Laut China Selatan menyimpan lebih dari sekadar gelombang. Sekitar 30% perdagangan dunia—setara $3 triliun per tahun—melewati jalur ini. Lebih dari 80% impor energi China juga bergantung pada perairan ini. Maka ketika Beijing membangun pulau buatan dan landasan militer di sana, itu bukan hanya geopolitik. Itu adalah soal hidup dan mati.
Namun, klaim China atas 80% wilayah laut ini lewat peta nine-dash line bertabrakan dengan hukum laut internasional. Putusan Mahkamah Arbitrase Internasional di Den Haag tahun 2016 menyatakan klaim itu tidak sah. Tapi Beijing tetap melanjutkan ekspansinya—tanpa peduli.
Amerika Serikat tidak memiliki klaim teritorial di sana. Mereka hanya membawa bendera prinsip: freedom of navigation. Di balik jargon itu, tersimpan realitas strategi yakni, mencegah dominasi China di Asia, menjaga keseimbangan, dan mengamankan sekutu-sekutu seperti Filipina, Vietnam, bahkan Taiwan.
Dari sisi China, semua ini dilihat sebagai pengepungan. Sebuah upaya menghambat kebangkitannya. Dengan kata lain, Laut China Selatan adalah dinding pertama dari “Tembok Besar Maritim” mereka.
Dan ketika USS Nimitz masuk bersama armada tempur lainnya—diikuti oleh latihan perang simultan di utara oleh USS George Washington—Beijing pun menuding balik. “Provokasi. Ancaman kedaulatan,” kata juru bicara PLA.

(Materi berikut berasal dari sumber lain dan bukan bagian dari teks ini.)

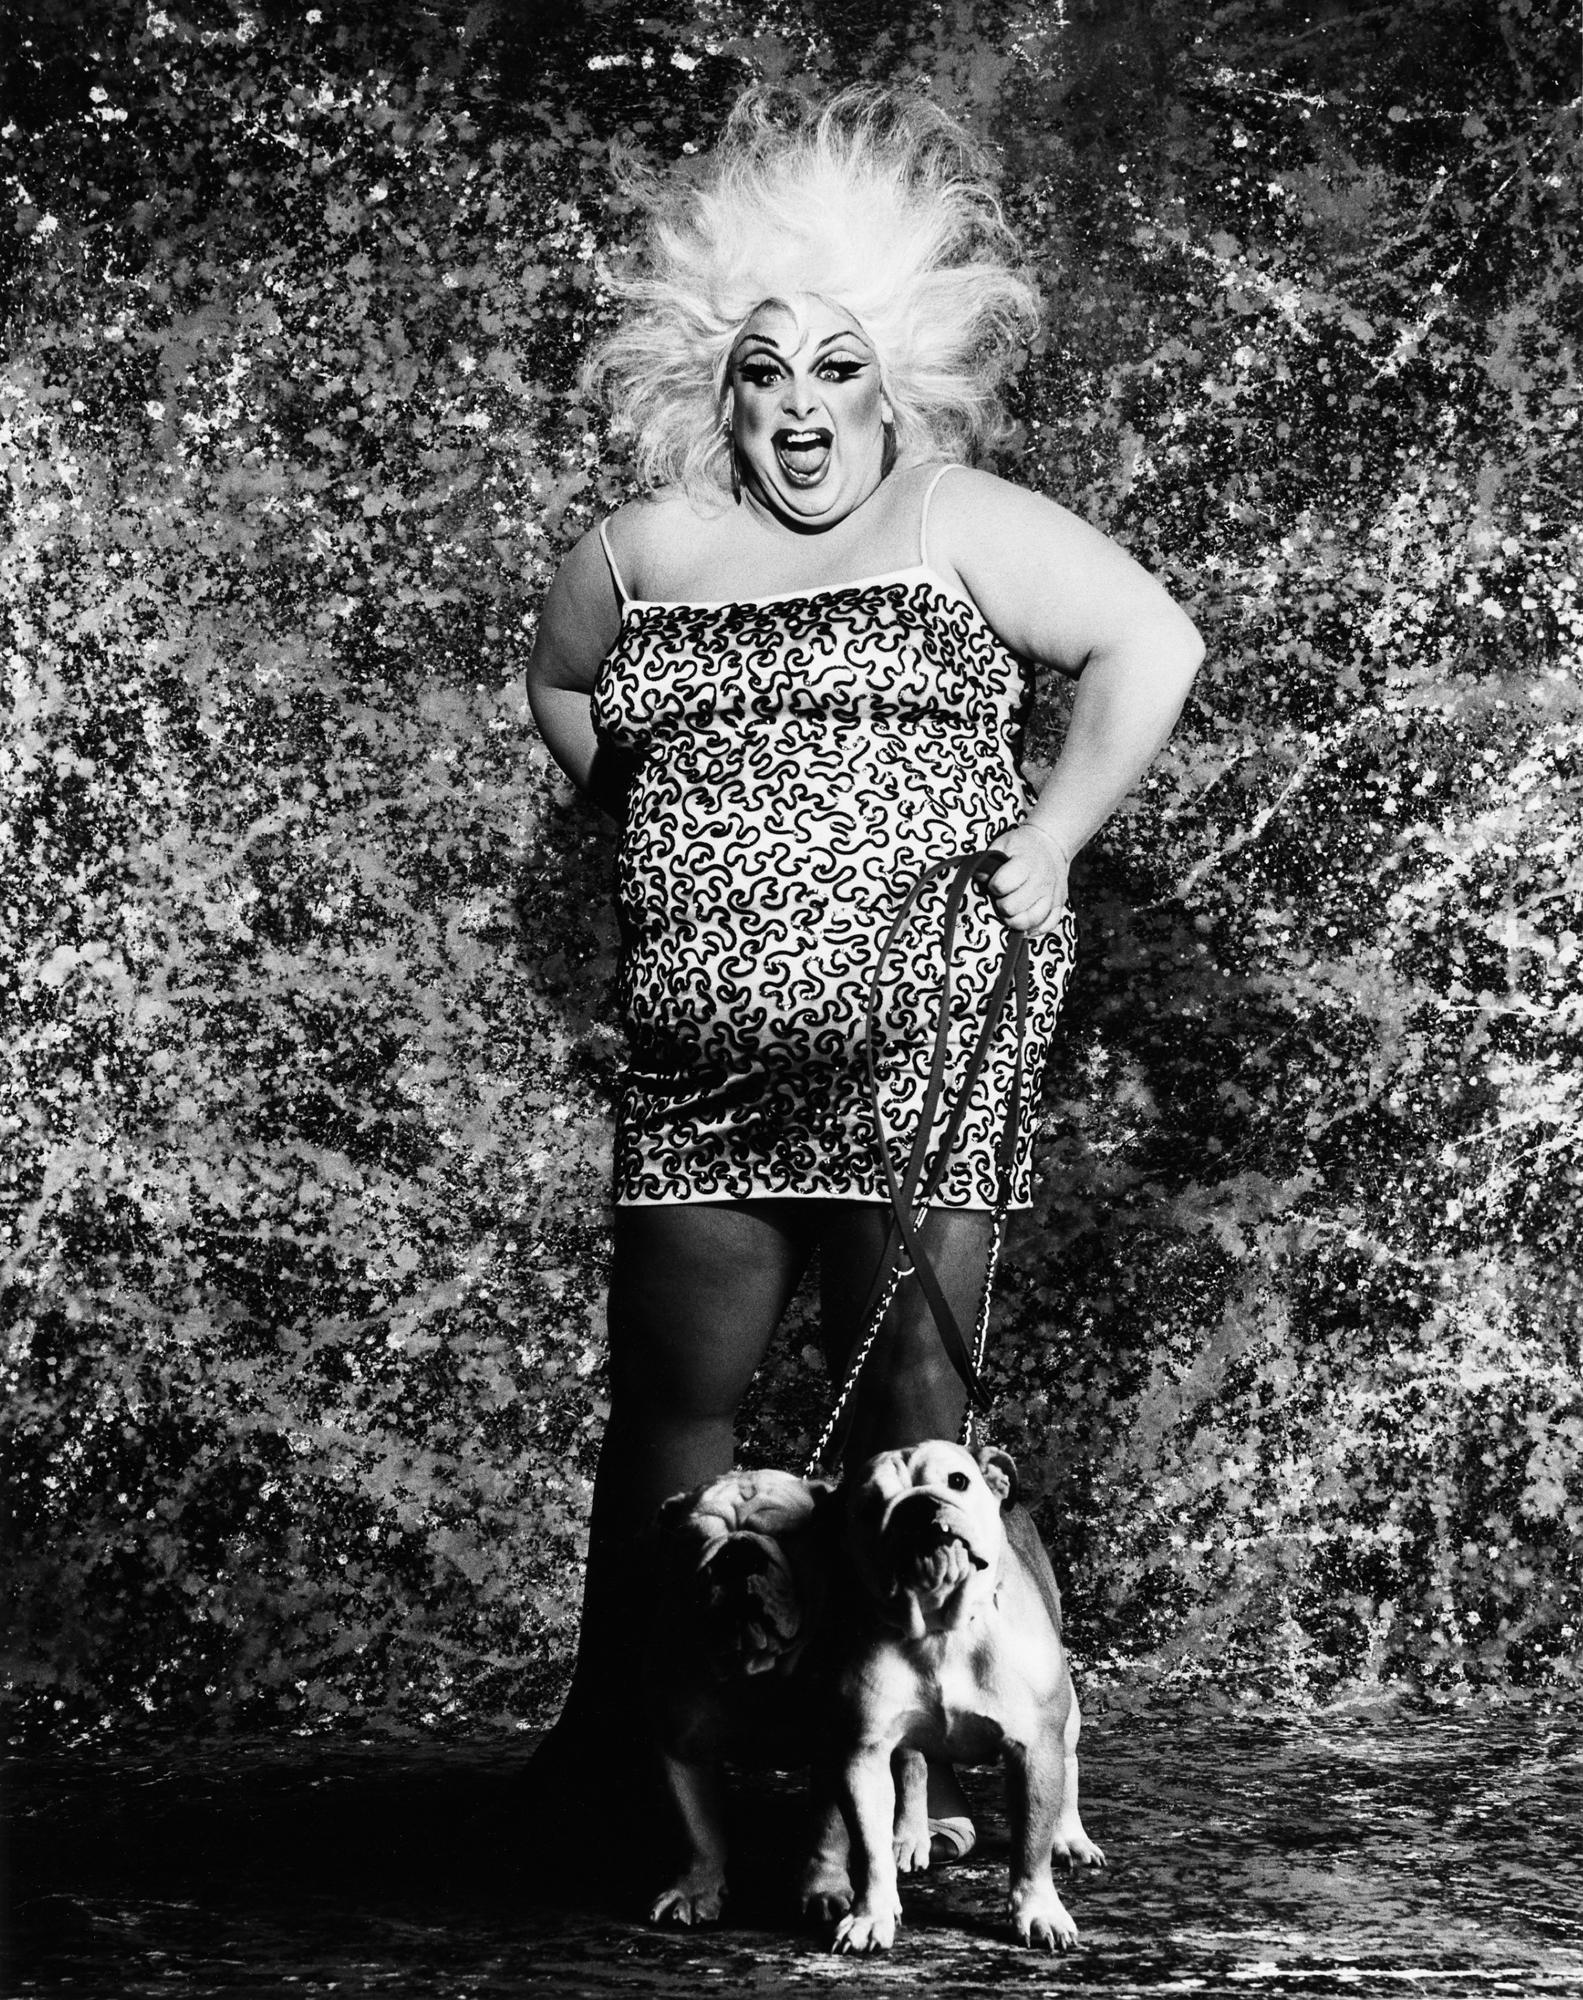 Divine and Bulldogs, 16x20, 21st Century, Contemporary, Celebrity, Photography

Data dan Kekuasaan: Siapa Menguasai Apa?
| Elemen Strategis | Kepentingan China | Kepentingan AS |
|---|---|---|
| Minyak dan Gas | Eksplorasi cadangan migas bawah laut | Tidak signifikan langsung, tapi strategis |
| Jalur Pelayaran | Jalur suplai energi vital | 30% perdagangan global melewati jalur ini |
| Dominasi Maritim | Blue-water navy & pengaruh Asia Tenggara | Menahan pengaruh China, menjaga sekutu |
| Wilayah Sengketa | Nine-Dash Line + pulau buatan (Spratly, Paracel) | UNCLOS dan hak navigasi internasional |
Di forum keamanan Shangri-La Dialogue di Singapura, Menhan AS Pete Hegseth menyebut ancaman invasi ke Taiwan sebagai "nyata dan segera." Di saat bersamaan, citra satelit menangkap pembom H-6 di pulau sengketa. Simbol-simbol itu berbicara, bahwa dunia sedang menyusun ulang posisi. Seolah panggung perang dingin kini berpindah dari Eropa Timur ke Asia Tenggara.
Dan rakyat sipil—nelayan Filipina yang ditabrak kapal penjaga pantai China, nelayan Vietnam yang takut ditangkap, pedagang Indonesia yang khawatir ekspor tertahan—semua jadi saksi bisu pertarungan para raksasa ini. Akankah perang dunia ketiga meletus tahun ini?